2. Don’t talk back or offer suggestions. The chef tells you to small dice twenty pounds of onions. He rolls back around in ten minutes and tells you to start again because they aren’t small enough. The most improper response ever would be “that’s what they taught us was a small dice in school.” Believe me, it has been said to me and nothing pisses me off more. You are not in school anymore and in this kitchen, nobody cares what you learned in school.

3. Don’t get fancy. You finally get a chance to help out in pantry during service, be humble and do what your told. Plate everything exactly how you are shown. You might have the same artistic eye as Leonardo DaVinci, but just put the food on the plate the same way as everyone else. After you do it the same way all night, feel free to go home and paint the next Mona Lisa.

4. Please don’t talk too much. The new guy who talks a ton and tells all kinds of stories about where he has worked and eaten throughout his life = the new guy who gets mad shit talked about him for the rest of his life. Trust me, you don’t want to be that guy. People will put crap in your drink and mess with you way too often. And you think your badass enough to retaliate? Don’t. Doing so will result in you and your stuff getting gangbanged by the entire kitchen crew.

5. Last but certainly not least I have a few uniform rules. Don’t wear your chef pants or chef coat outside of work. people will not think your cool because you are a cook. Do not leave your apron on when going to have a cigarette or take a piss. Buy kitchen shoes, those ten year old Chuck Taylor’s are not meant for greasy floors. You will slip and fall, and you will be laughed at, and that story will be told at least once a week for the remainder of your employment.
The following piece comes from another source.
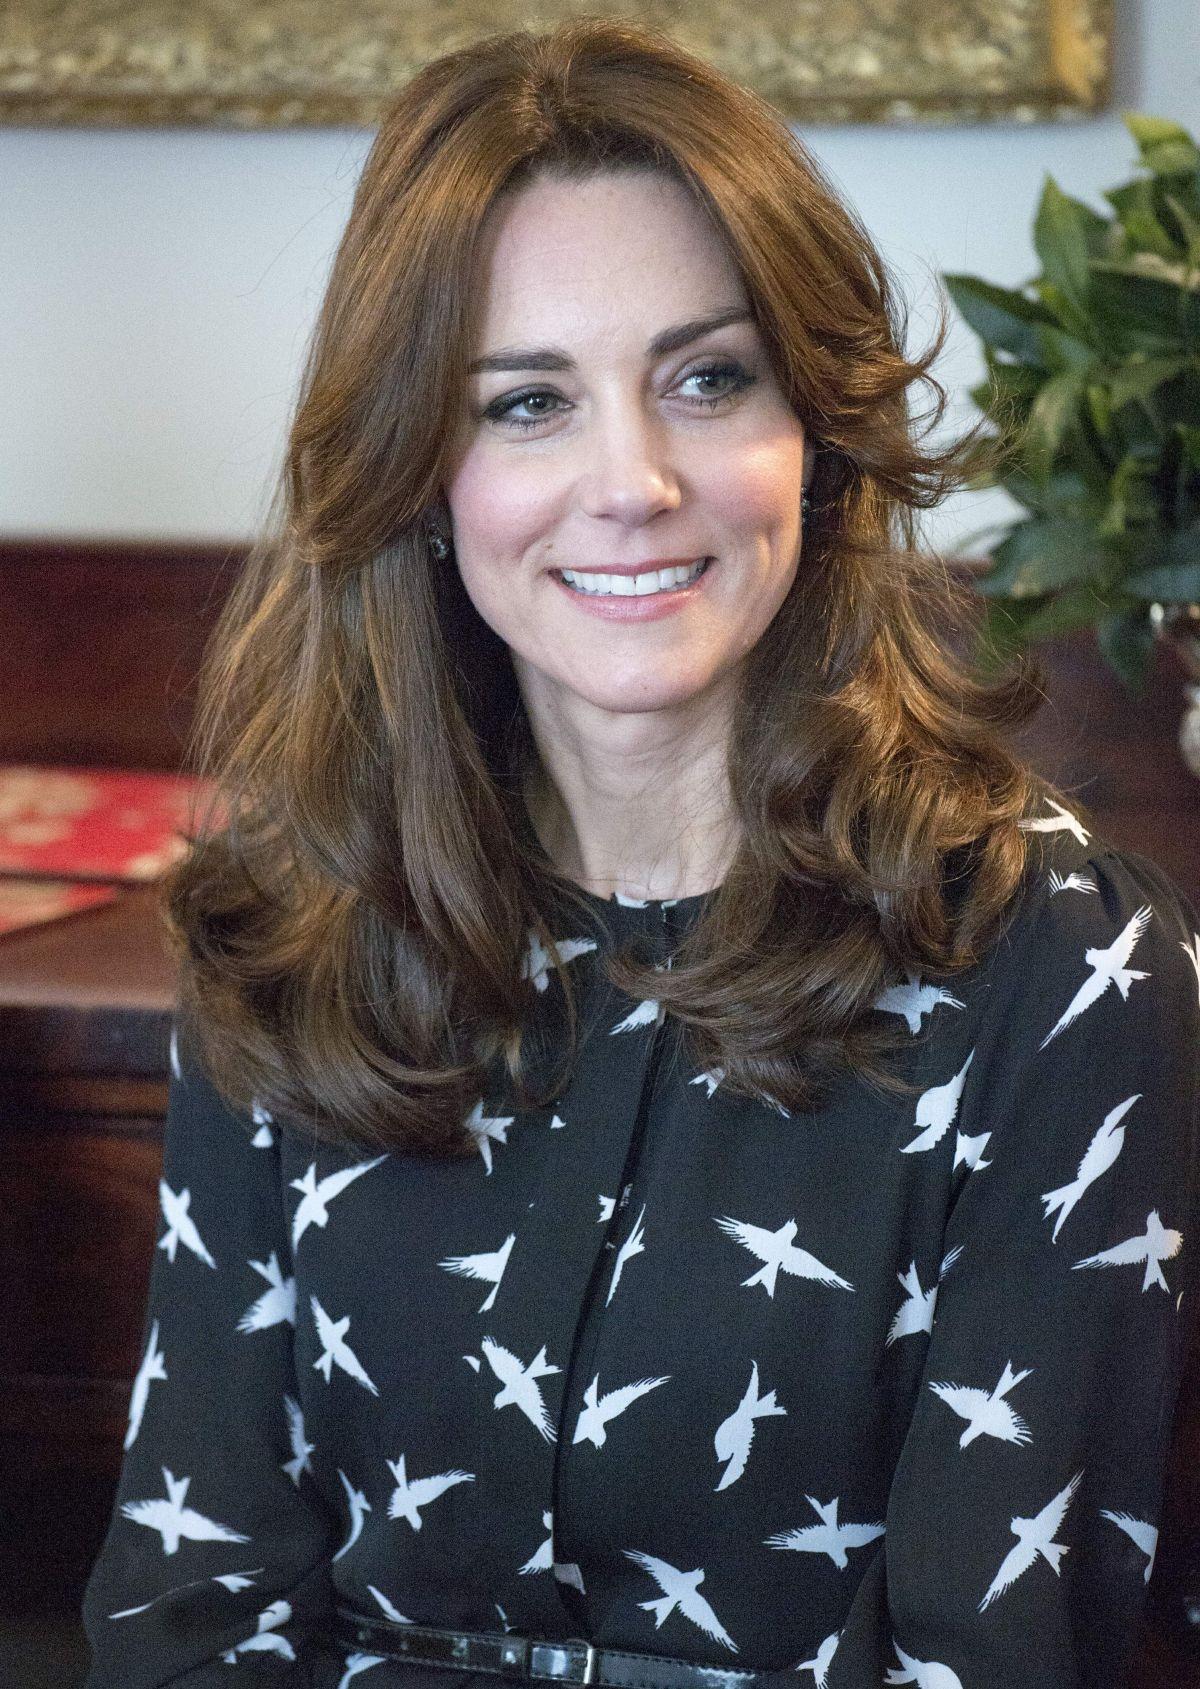 Kate Middleton At Kensington Palace In London 03 10 2016
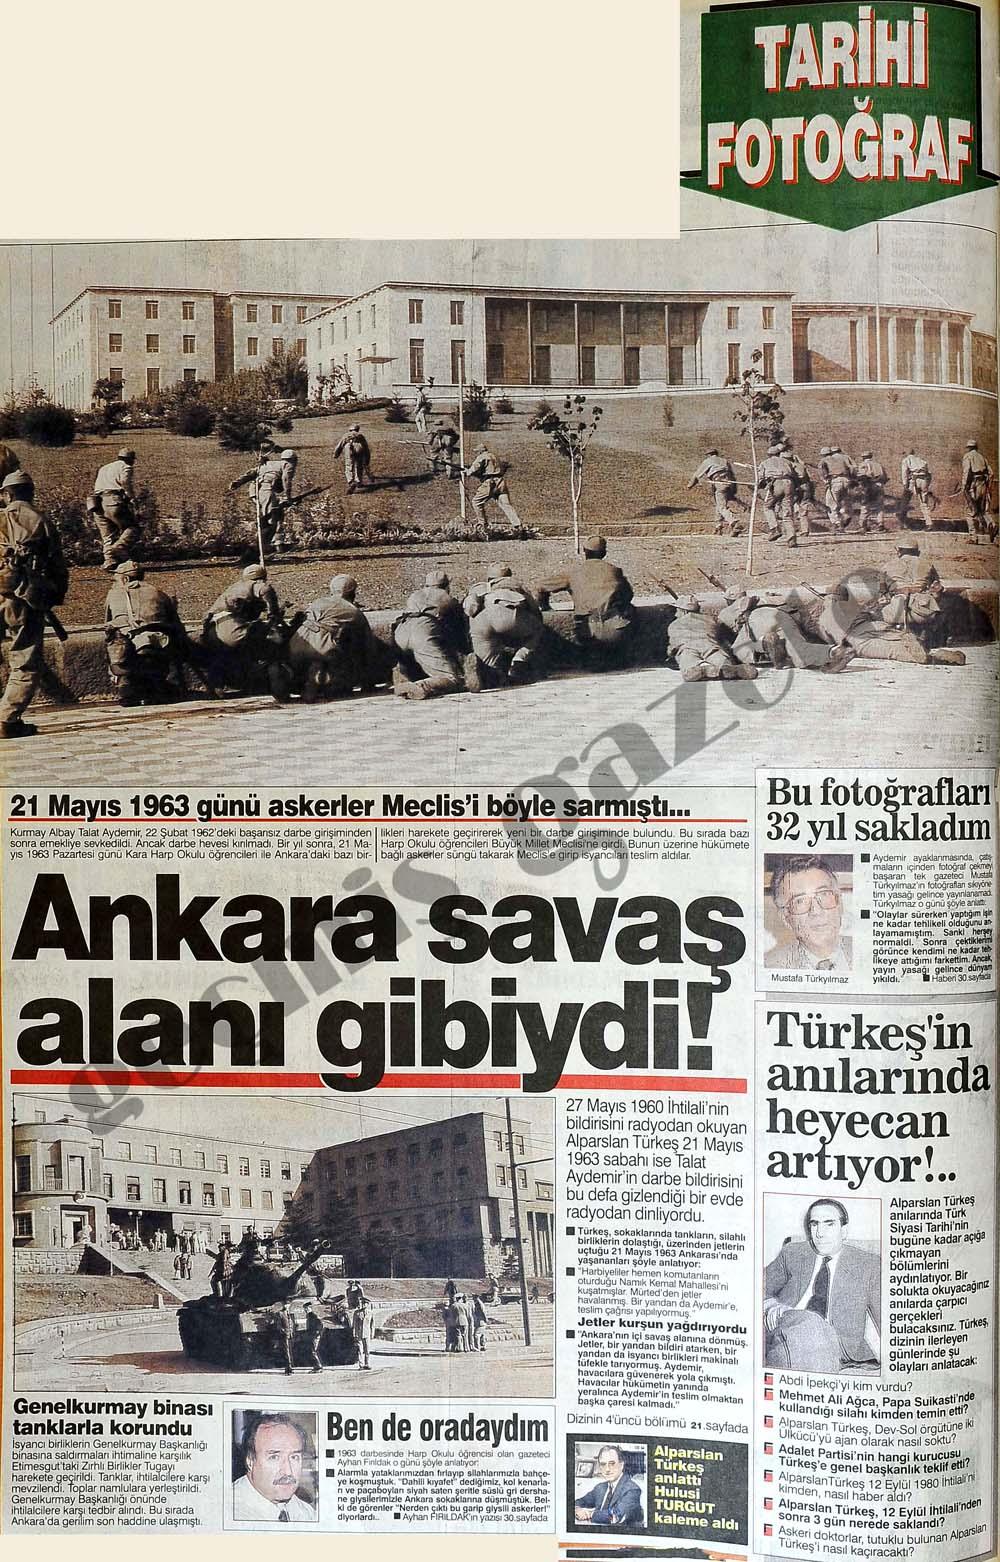 Ankara savaş alanı gibiydi!

A couple of suggestions for you newbies. Show interest in learning, be humble, listen and take directions well and be on time. Being on time is at least twenty minutes before you are scheduled. You will probably learn more in those twenty minutes than you will in the rest of the night.

BONUS SUGGESTION: Don’t show up to your interview in your cut off denim shorts and your Dave Matthews Band concert tee shirt from 1998. Look professional, put on some clean pants and at least a nice button up shirt. Showing that you care enough to clean yourself up says a lot about you. You will be taken serious from the start. And besides, the Dave Matthews Band sucks.